基本的な地図の表示や検索であれば、一般的なITスキルで操作可能です。空間解析や高度なデータ処理を行う場合は、GIS専門の知識やスキルが必要です。近年はノーコード・ローコードのGISツールも登場しています。

Q. GISデータはどこから入手できますか?

国土交通省の「国土数値情報」、総務省の「e-Stat」、国土地理院の「基盤地図情報」など、政府機関から多くのGISデータが無償で提供されています。
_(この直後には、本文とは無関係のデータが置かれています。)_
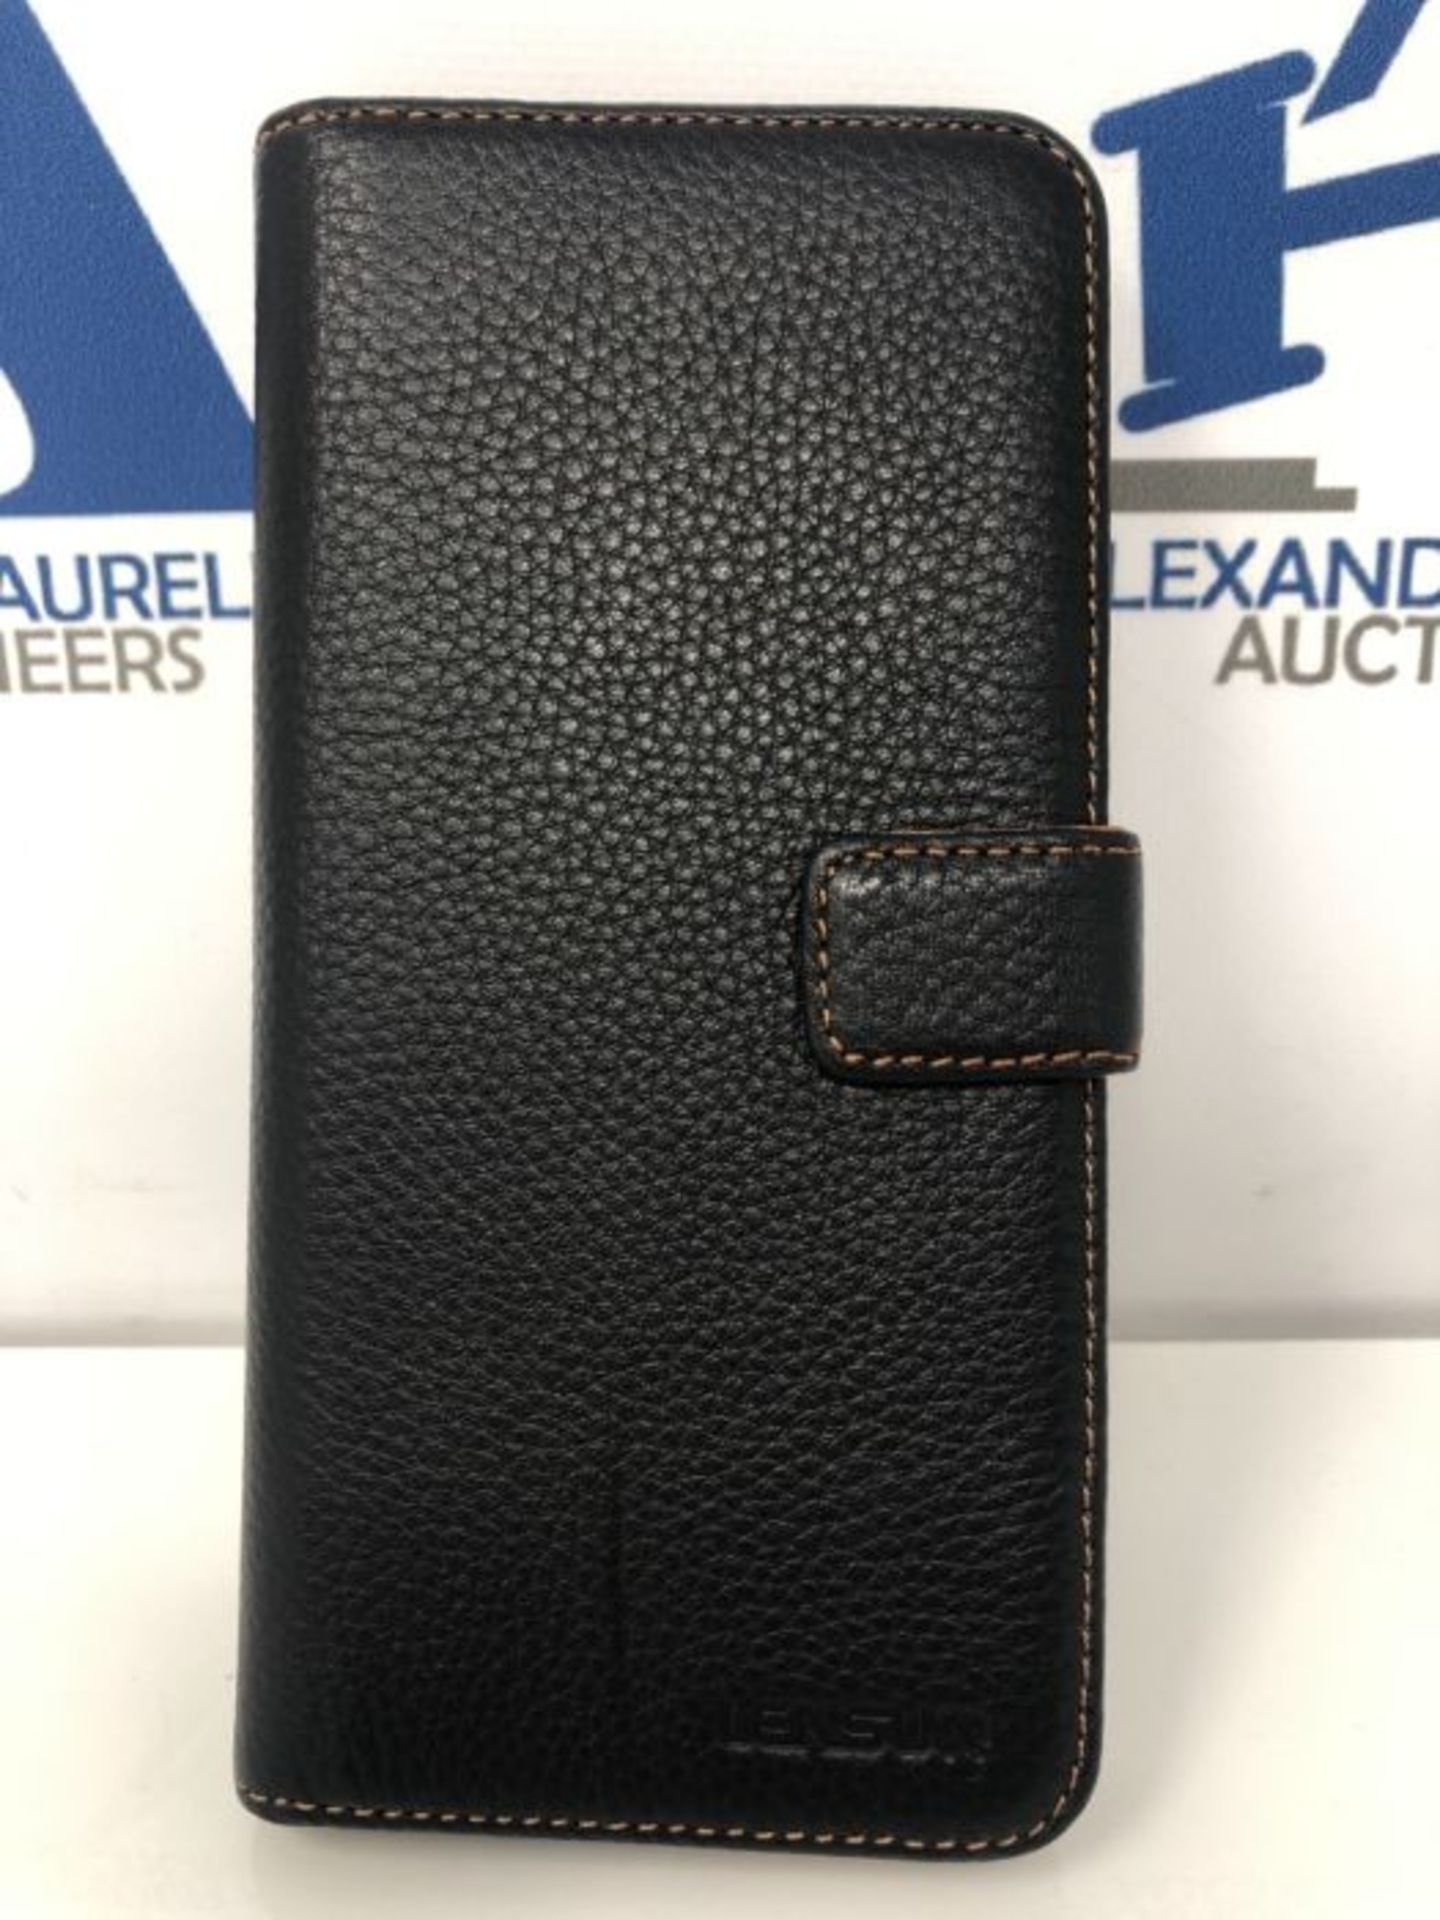 LENSUN Samsung Galaxy Note 10 Lite Leather Case, Flip Genuine Leather Wallet Phone Cas - Image 2 of 3

民間のデータベンダーからは、より詳細なデータを購入することも可能です。

Q. BIMとGISの違いは何ですか?

BIMは個別の建物の3Dモデルと属性情報を管理するシステムで、設計・施工・維持管理に使われます。GISは都市・地域スケールの空間情報を管理するシステムです。両者を連携させることで、建物レベルの詳細情報と都市スケールの俯瞰情報を統合的に活用できます。

Q. 中小企業でもGISは導入できますか?

無料のQGISやGoogle Earthなど、コストをかけずに始められるツールがあります。まずは自社の業務で活用できる場面を特定し、小規模な導入から始めることをお勧めします。